Istituto per lo Sviluppo Economico dell'Italia Meridionale S.p.A., known as ISVEIMER, is a former Italian bank based in Naples, Campania. The bank was in liquidation since 1996, which the headquarter of the company was relocated to Rome. However, due to the subsidized loan, the company was still in wind-down phase as in 2015.

==History==
The bank was established in 1938 and since 1953 as one of the 19 Mediocredito of Italy and one of the three Istituti per il Finanziamento a Medio Terminealle Medie e Piccole Industrie nell'Italia Meridionale e Insulare (Istituti Meridionale) which was funded by Cassa per il Mezzogiorno.
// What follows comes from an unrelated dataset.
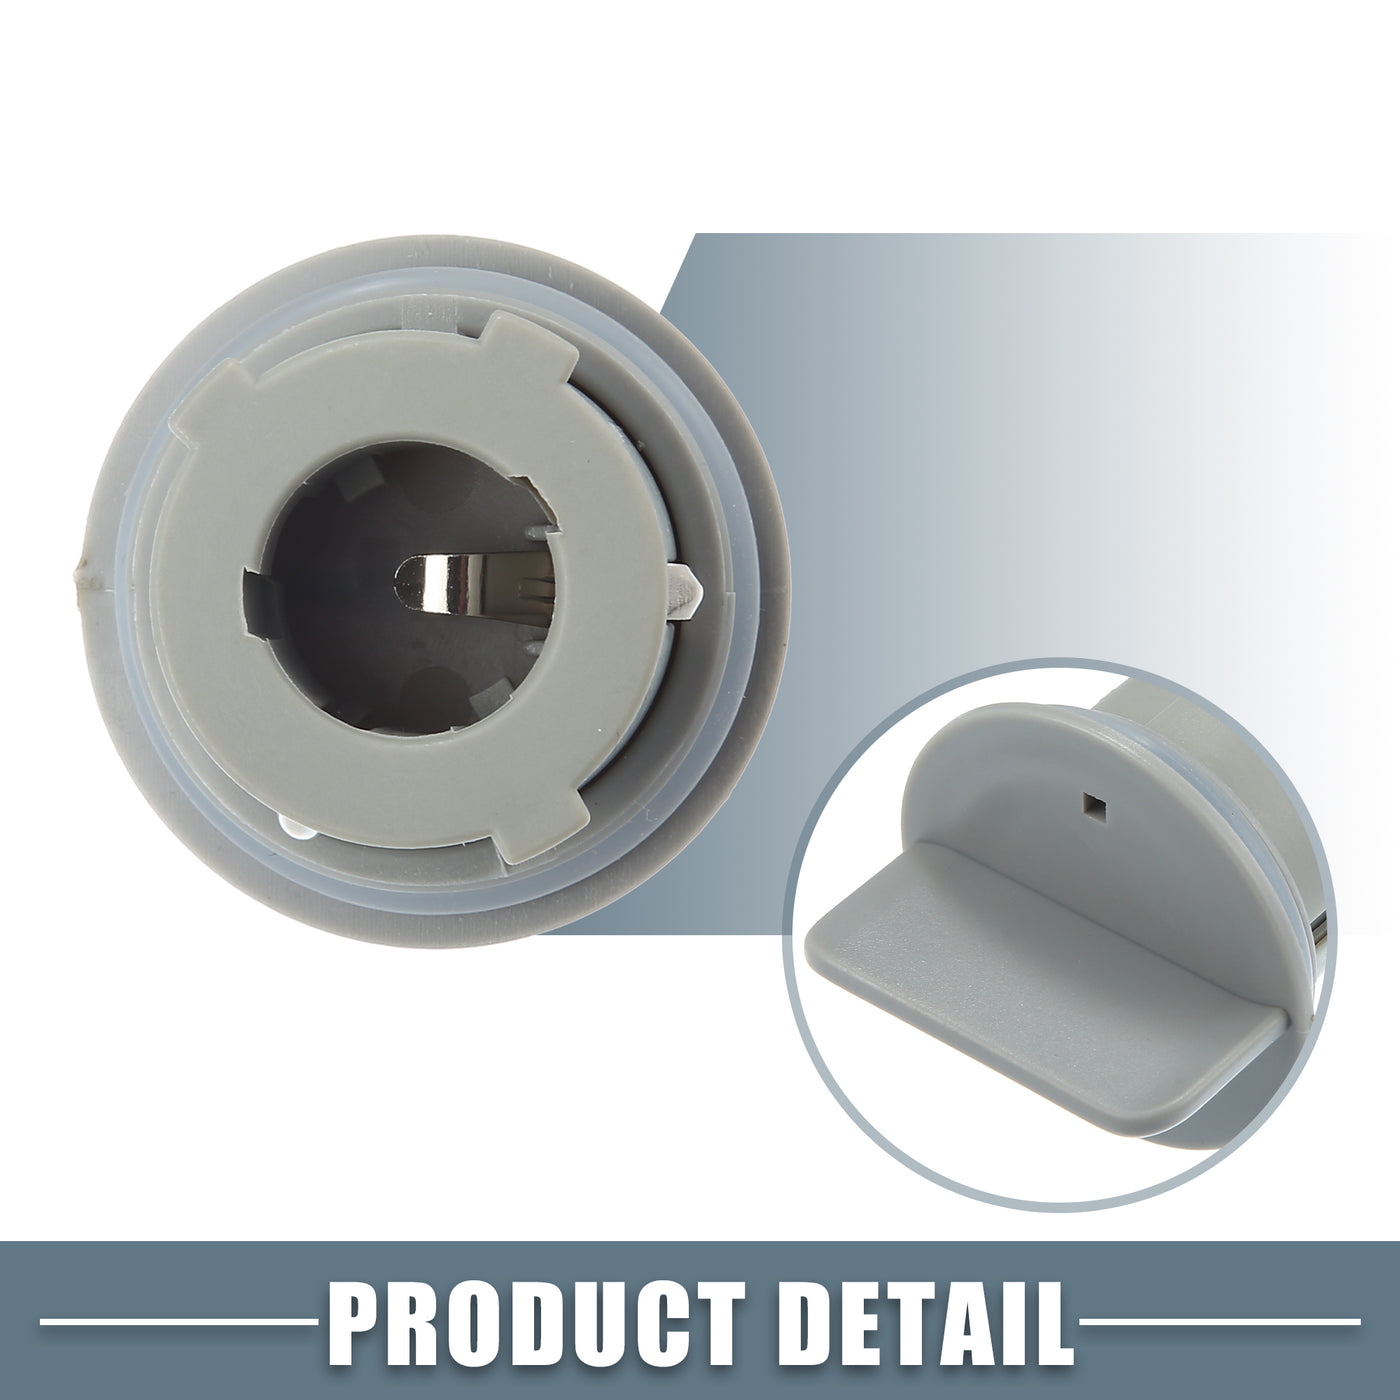 A ABSOPRO Side Indicator Turn Signal Light Bulb Socket Holder 63117159570 for BMW 325i 325xi 328i 330i 330xi 335i E46 E90 2006-2008 (Set of 2)

The bank provided medium term loan to small and medium industries from Southern Italy, except in the two islands (covered by Credito Industriale Sardo and IRFIS respectively). Due to Legge Amato, the bank became a limited company (Società per Azioni) in 1993. At the time Banco di Napoli owned 44.859% stake, plus an additional 6.16% stake were purchased from Cassa di Risparmio di Calabria e Lucania, Banca Popolare di Novara, Banca Sannitica, Banca di Roma, Banca della Provincia di Napoli, Cassa di Risparmio della Provincia dell'Aquila, Cassa di Risparmio Salemitana, Banca Popolare di Taranto, Banca di Credito Popolare di Torre del Greco and Banca Popolare di Crotone.

However, in 1996, the bank entered a voluntary liquidation. After the start of liquidation, Banco di Napoli owned a controlling stake in ISVEIMER (65.22% in 2001), as well as an additional 0.17% stake owned by Banca dell'Adriatico, a bank joined Sanpaolo IMI Group in 2002. The stake held by Banco di Napoli and Banca dell'Adriatico soon transferred to parent company Sanpaolo IMI (65.40% stake in 2006), and then Intesa Sanpaolo in 2007 (65.47% stake). An additional 0.04% stake was owned by Cassa di Risparmio di Ascoli Piceno, a Banca Intesa subsidiary.